Vegan Cyclist Breaks 6800km Record on Hash Brown Diet

Vegan Cyclist Breaks 6800km Record on Hash Brown Diet

Updated July 11, 2019. Vegan cyclist Abdullah Zeinab set a new record and he did it on a diet of mostly hash browns.

Zeinab rode in the Trans Am Bike Race last month, an annual ultra-cycling event that takes the rider across the United States from Astoria, Oregon to Yorktown, Virginia. It’s a true test of both physical and mental endurance. At 6,800 kilometers, it’s nearly twice as long as this year’s Tour de France. There are no set breaks, so it’s up to the cyclist to decide when and how long to rest.

Hash Browns: Plant-Powered Fuel

Another distinction that sets the grueling race apart from others is that the rider must be completely self-sufficient. In other words, no outside help is allowed. The 25-year-old endurance athlete had to source food and shelter on his own. Fries have long been a bastion of hope for vegans dining out. During the Trans Am, Zeinab relied their breakfast-y cousin: diner hash browns.

Vegan Cyclist Breaks 6800km Record on Hash Brown Diet
Vegan cyclist Abdullah Zeinab placed first in the Trans Am Bike Race | image/Instagram

During the race, he relied on a diet of mostly hash browns. The diner staple were one of the few reliable options Zeinab could find in the Midwest. “Once I asked for some vegetables and got a sliced tomato that tasted like a truck tire that had driven through mud,” he told LIVEKINDLY “So once I realized they sold these hash browns at all the diners that was my go to. They sat well in my stomach and provided me with what I needed.”

A Record-Breaking Finish

He completed the race in a record 16 days, 9 hours, and 56 minutes, finishing first out of 74 cyclists. The Australian slept an average of three to four hours a day and estimates that he ate more than 100 hash browns throughout the entirety of the race.

“The stress of the situation keeps you awake,” Zeinab explained, speaking to how he was able to function on so little sleep. “It feels like you’re riding to survive at some points, So mentally, it’s serious and the body responds to that.
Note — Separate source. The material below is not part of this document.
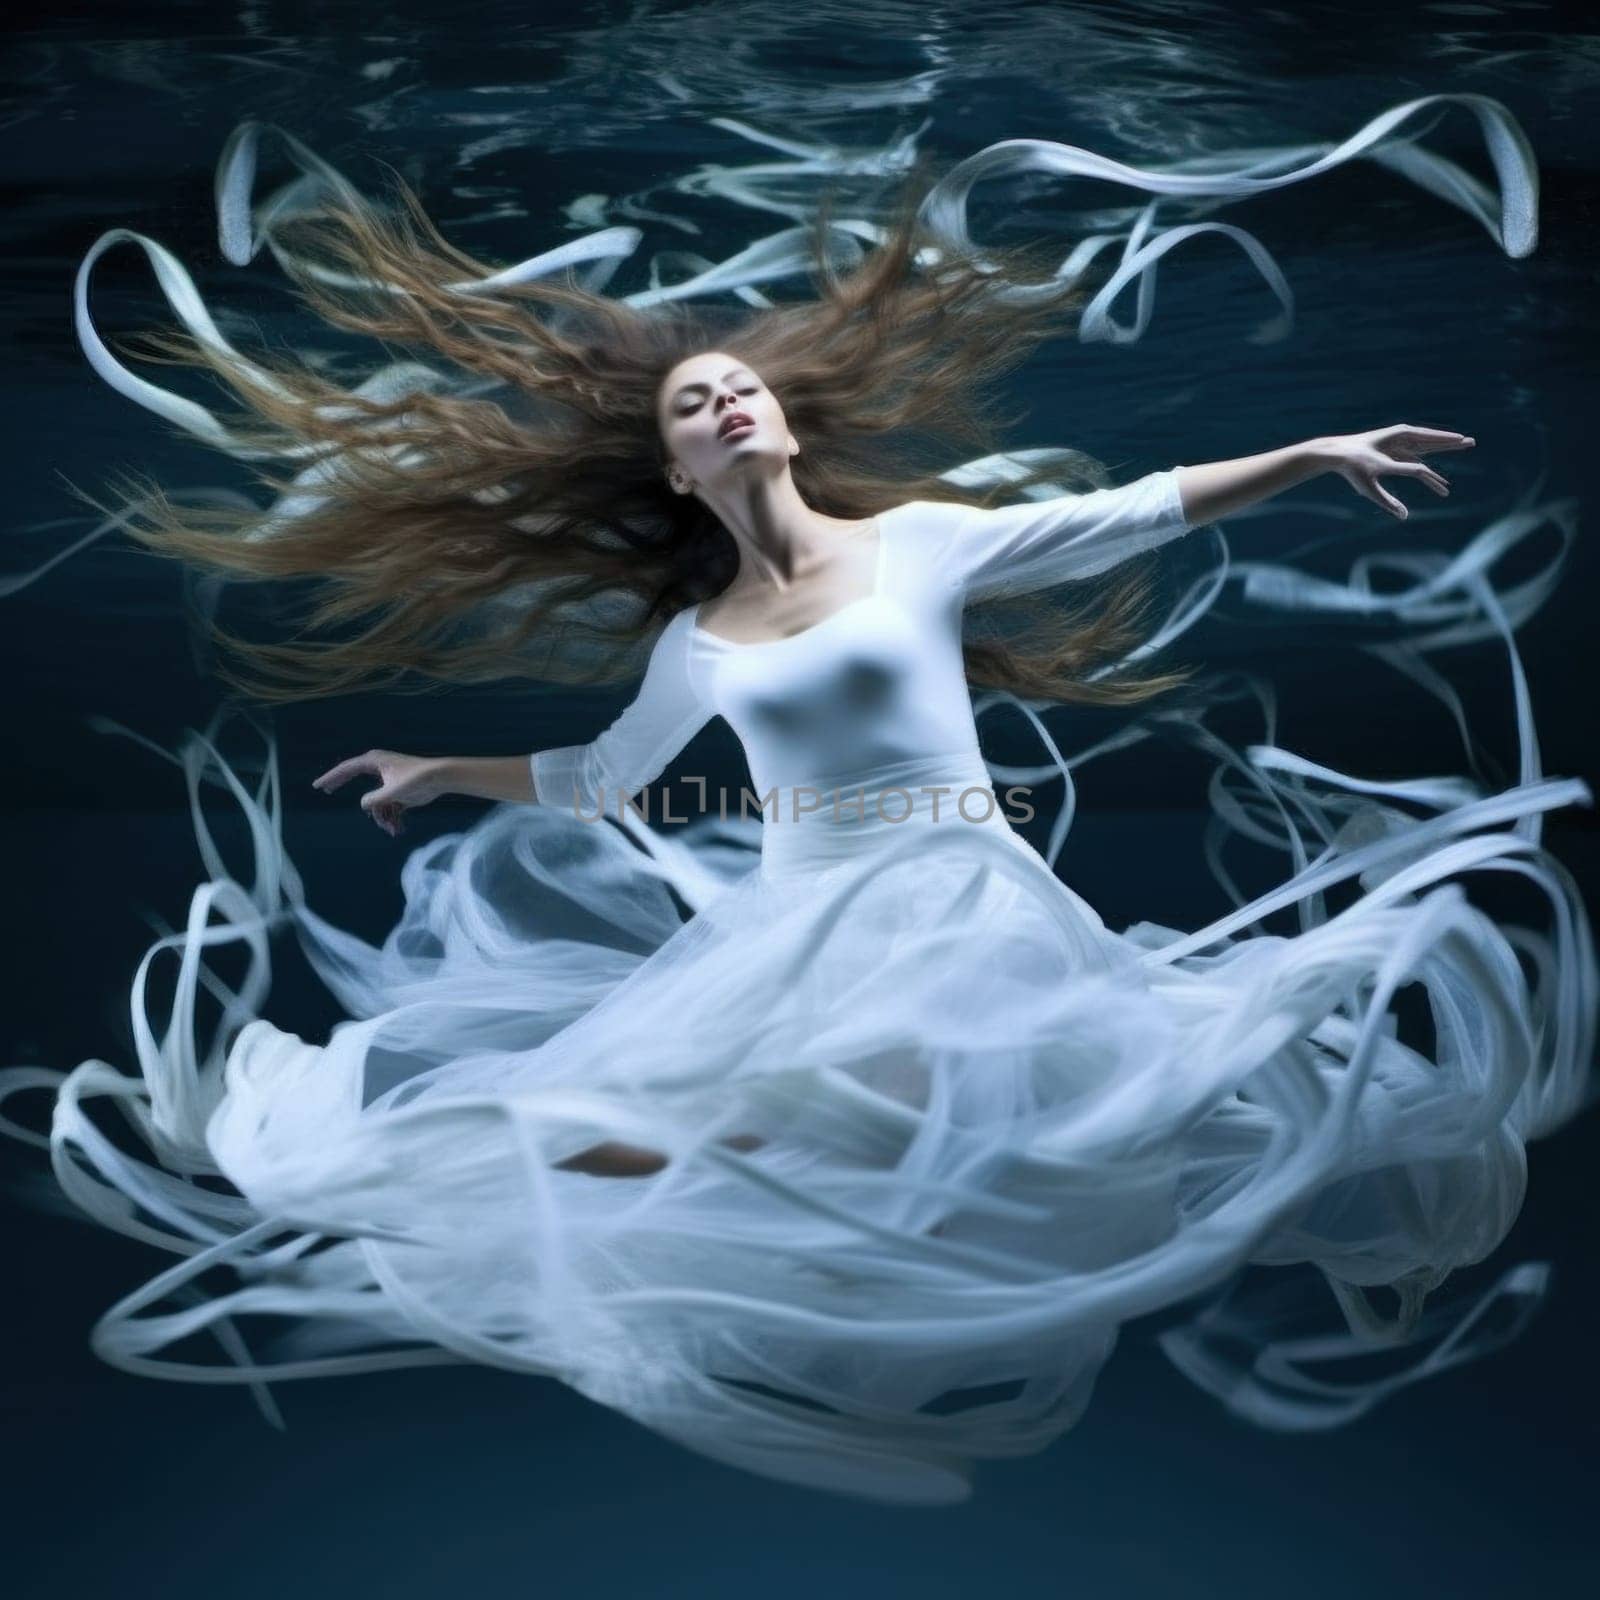 A woman in a white dress is underwater with her hair flowing, AI by starush

I think once you cross a certain threshold of fatigue the body realizes that you’re not playing around no more and everything switches into high gear.”

Zeinab, who only began riding competitively in 2018, said that he knew the Trans Am would be the hardest thing he’s ever done, Australian heat notwithstanding. But the benefits far outweigh the difficulty of long-distance racing.

“Mentally, long distance cycling has given a lot to me. Your overall outlook and approach to daily life improves as your cycling improves,” he said. “To me they are one in the same thing really, I don’t separate them in my mind. To find a way to navigate a course in the face of great unknown whilst being scared.”

This isn’t Zeinab’s first big victory. He finished the 5,500-kilometer Indian Pacific Wheel Race in 2018 in spite of the race being cancelled due to a rider’s death the previous year.

Vegan athletes are tearing down long-held stereotypes that eschewing animal protein makes you weak. Fifty-six-year-old vegan triathlete Engine 2 founder Rip Esselstyn recently broke a world record for the 200-meter backstroke at a Houston event. U.S. Women’s Soccer co-captain Alex Morgan helped her team secure their fourth World Cup victory this month. And James Cameron’s upcoming documentary “The Game Changers” will showcase multiple top athletes when it premieres later this year.

Zeinab added that the recovery period is almost harder than the race itself.

“To go from such a crazy situation to sitting on the couch not having the energy to do much is hard,” he said.“But there is no real option but to let it happen.”

He’s already considering a race in Europe but for now, Zeinab will focus on giving his body a break.

“I look at it from this perspective: when I asked my body to take on the Trans Am, it honored my request,” he continued. “The other side of that relationship is to honor the body’s request for rest. In my mind, it’s a relationship. The less I honor my end, the more reluctant the body is to answer my request when I want it to.”